Just Like Acid Pops by SugarQuills
Disclaimer: JKR's! 'Nuff said.
Three hundred kilometers away – at the exact same moment that the Muggle breathed his last – the tiny, wrought iron gate of an elegant cottage in Godric’s Hollow creaked open. There was a muffled thud as a large wooden luggage trunk whizzed by, barely avoiding crashing on the front porch.
“Shhh!” hissed a male voice, rough with sleep.
“Sorry!” a second one answered. “So much for inconspicuous.”
“That’s always been a lost cause with you.”
“Right. Look who’s talking. You really ought to put an Anti-Creaking Charm on that gate.”
“I doubt that even exists.”
“Where’s Remus when you need him?” the second said, amused. He pushed his long, shaggy black hair impatiently off his face, deep gray-blue eyes searching the darkness for his friend.
The first boy moved into the glow of the streetlamp, grinning from ear to ear. He, too, had black hair, but his was wild, disorderly, and unmanageable. His honey-colored eyes were framed with round glasses that flashed under the light.
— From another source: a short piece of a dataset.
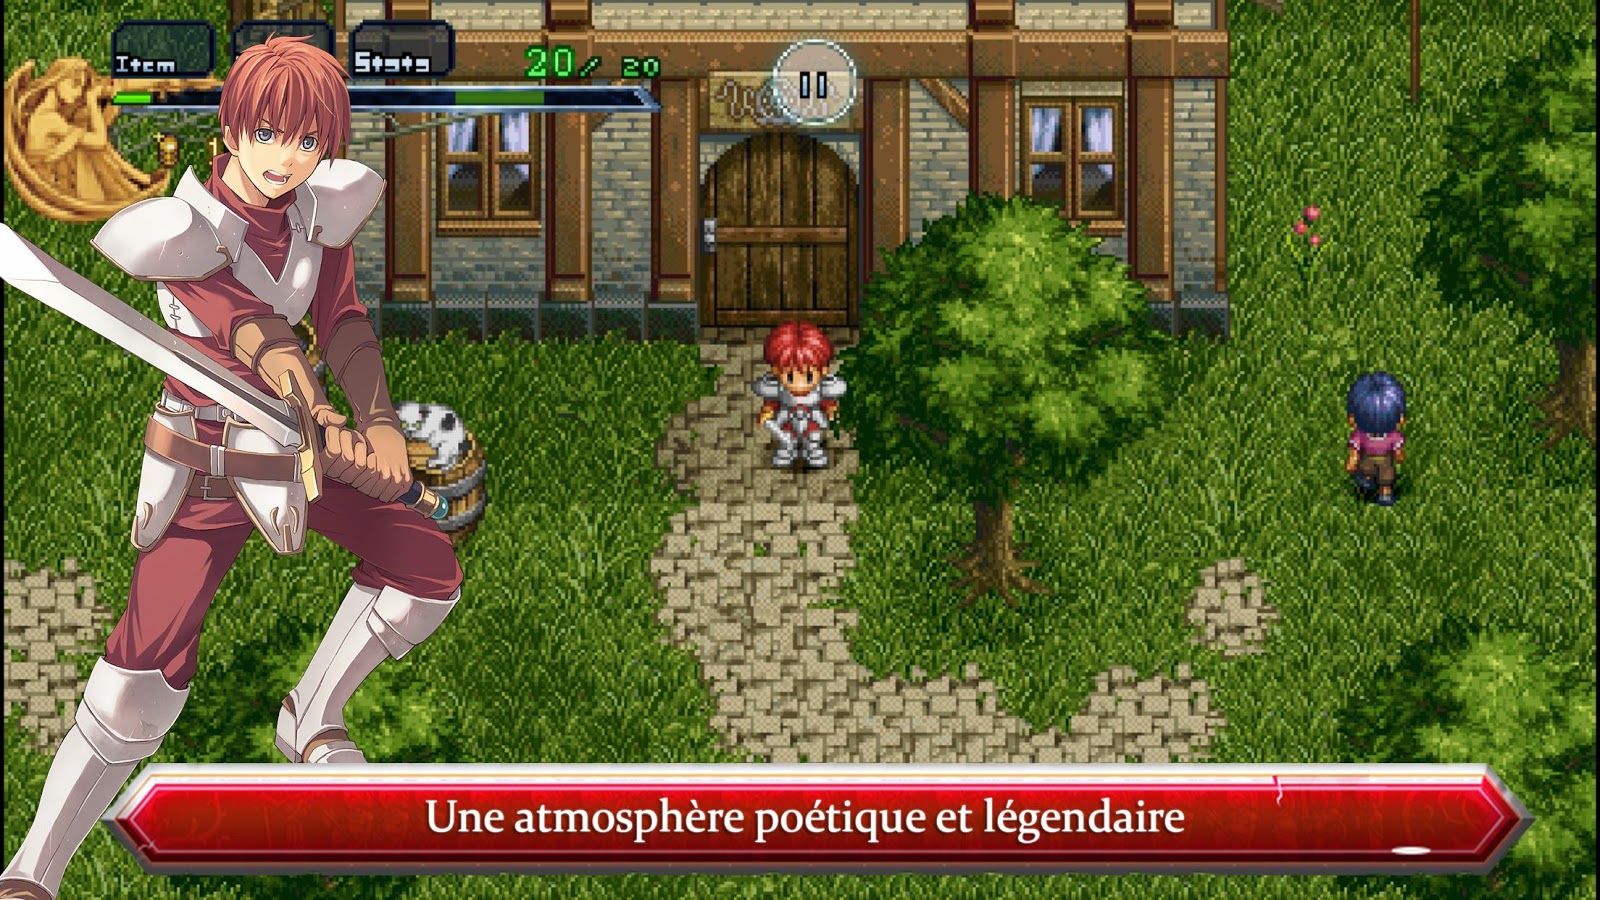 Ys Chronicles 1, DotEmu porte Ys Chronicles 1 sur Android

They sauntered forward, clapping each other on the back and embracing like long-lost brothers.
“Planning to keep me out here all night, Prongs? I see how it is,” Sirius said. James laughed, and they broke apart with identical grins.
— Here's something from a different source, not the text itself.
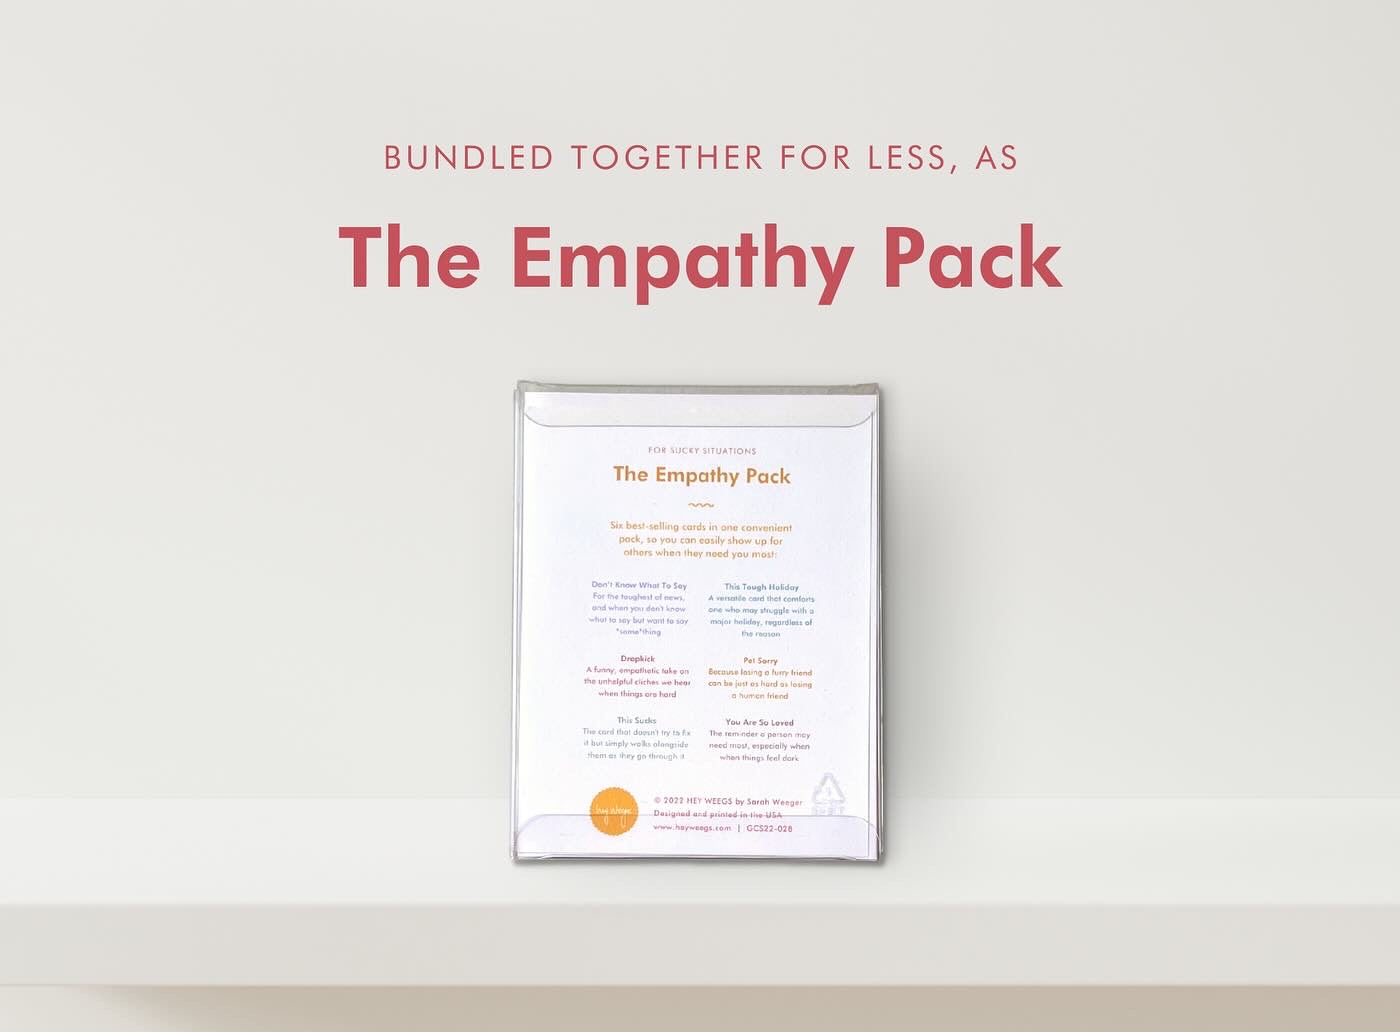 The Empathy Pack

“How’s your mum?” Sirius asked as they loped with a comfortable, easy grace to the front door.
“Alright. Been spending an awful lot of time with Mrs. Vance discussing gardening. Merlin knows why she wants to start all that. She’ll be right surprised to see you here.”
“Your mum loves me, Prongs.” Sirius said as he followed James through the door and let it slam shut behind him.
“Don’t reckon she’ll love you much if you wake her up with all that noise. C’mon.”
They crossed the entryway and continued down the hall, past the kitchen, the dining room, and into the living room towards a wide staircase.
“Wingardium leviosa,” James whispered, pointing his wand at the trunk and floating it up the stairs through an open door at the end of the upstairs hall. The two boys climbed up after it, and at the landing, James stopped abruptly. “Hang on,” he said. He turned the handle to the first door on the left, the master bedroom where his parents still lay sound asleep. “You’re lucky they’re so deaf,” he whispered, scowling jokingly at Sirius, who shrugged. “But just for good measure…” James pointed his wand at each of his parents in turn, quietly muttering, “Muffliato.”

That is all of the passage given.